Freelancing and consulting: The all-time most difficult marketing decision

The most difficult marketing decision is when to cease marketing efforts that have not worked to date.

How much crickets until we pull the plug?

We’ve been blogging or emailing or Twittering or whatever for a few months and results are minimal to nil. Is it time to stop?

The experts say that it takes multiple shoulder taps to get attention. Prospects need to build a relationship before they buy. They need to perceive you as a habit. In other words, keep on keeping on.

Yes, but . . .

When can we conclude that what we are doing is not working?

There is no easy answer, but here are some questions to consider:

Does it need more numbers to succeed?

Should we phone more people? Send more emails? Deliver more speeches? Most every marketing technique requires large numbers to succeed. The ratio of successes to efforts is smaller than we would like to believe. We have to make many, many tries.

Does it need more time?

Depending on how we are marketing, more time may equate with more numbers. Still, social media, for instance, requires plenty of time to kick in. I’ve even heard experts who recommend sticking with a social media program for two years before expecting desired results!

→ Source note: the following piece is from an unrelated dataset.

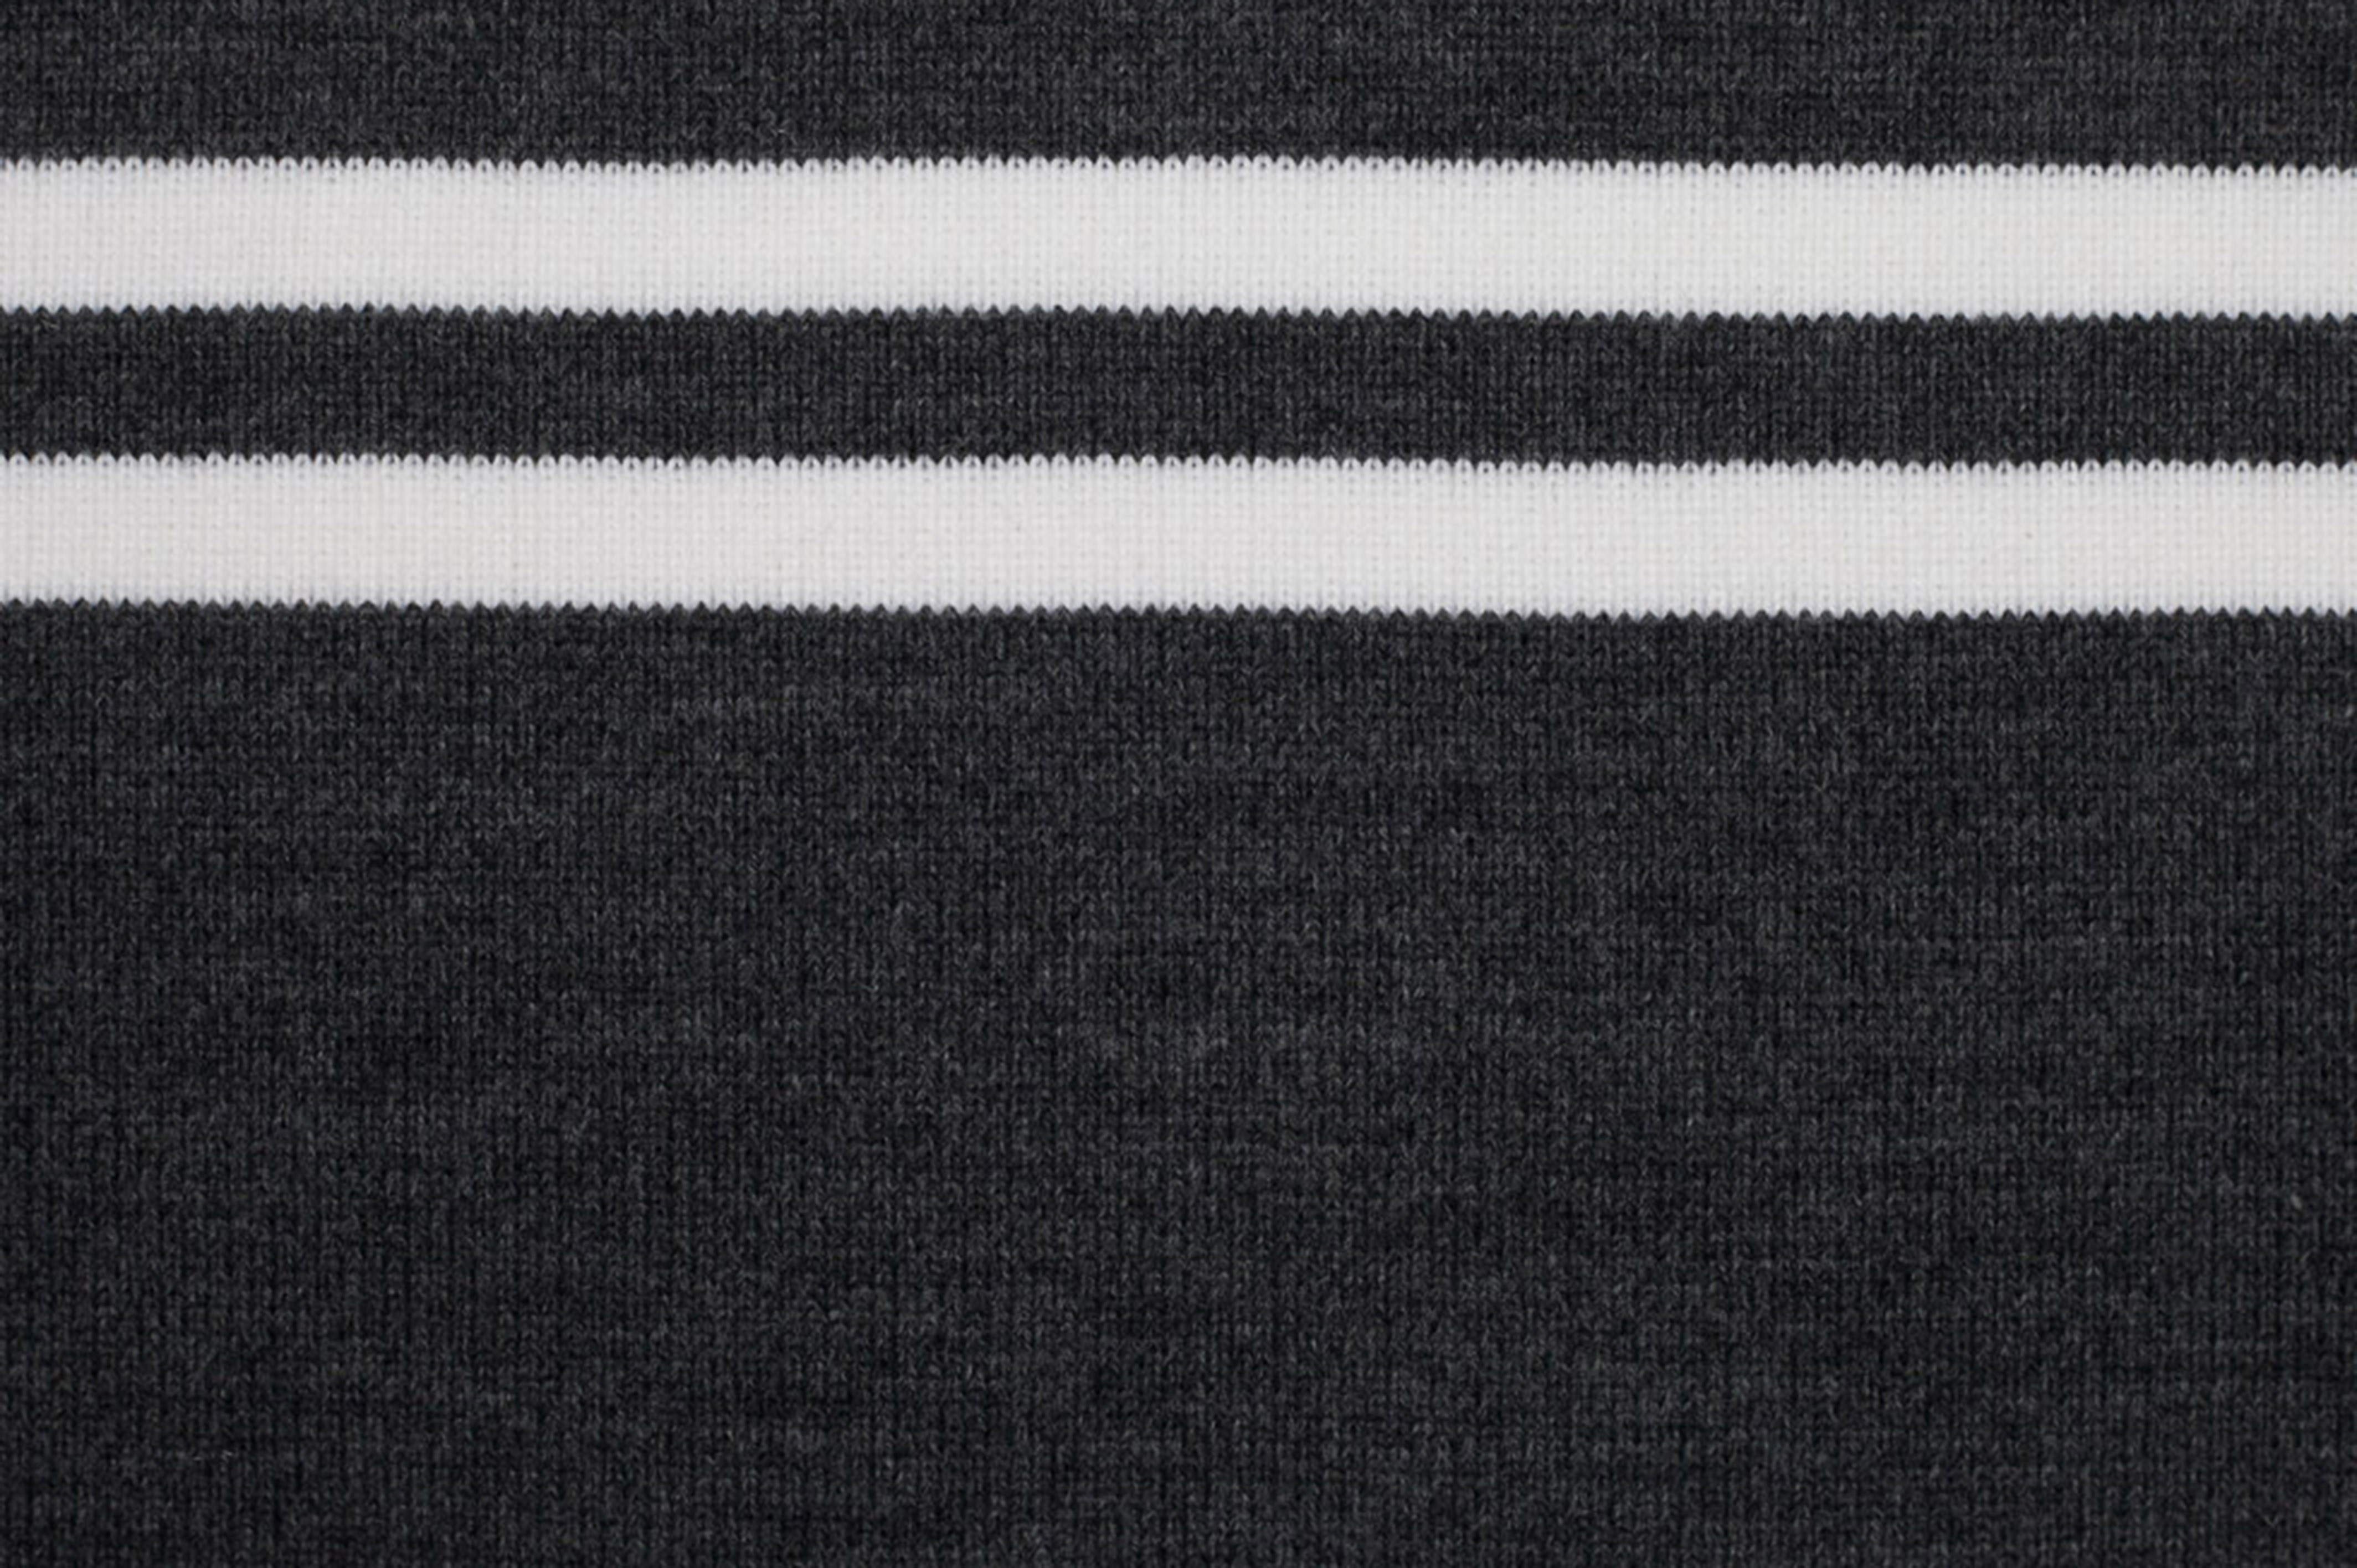 Black Stretch Nylon 6.5 x 40 Rib Knit Trim - Rib Knit Trims - Trims &  Chains - Trims

Does it need better implementation?

One of my beefs about marketing courses is that the emphasis on case studies ignores the details of implementation. Classroom case studies unfold in such a way that the outcomes seem inevitable. A poor decision was made at the beginning and disaster automatically ensued.

They never get into the details of the how. I believe how a project is implemented is important. Were the article titles strong? Were the right prospects approached? Was follow-up undertaken promptly? Did the website have a professional appearance?

These things matter.

What do the numbers say?

Ideally you have numbers to study, such as number of clicks, percentage of emails that are open, and of course sales totals, that can be considered against industry norms. If not, you may want to postpone making a decision until you have collected data for awhile.

How do we feel about what has been happening? What do our guts say?

Not the most reliable sign of how to proceed but undeniably a factor in our decision making. I suspect my gut becomes discouraged too easily.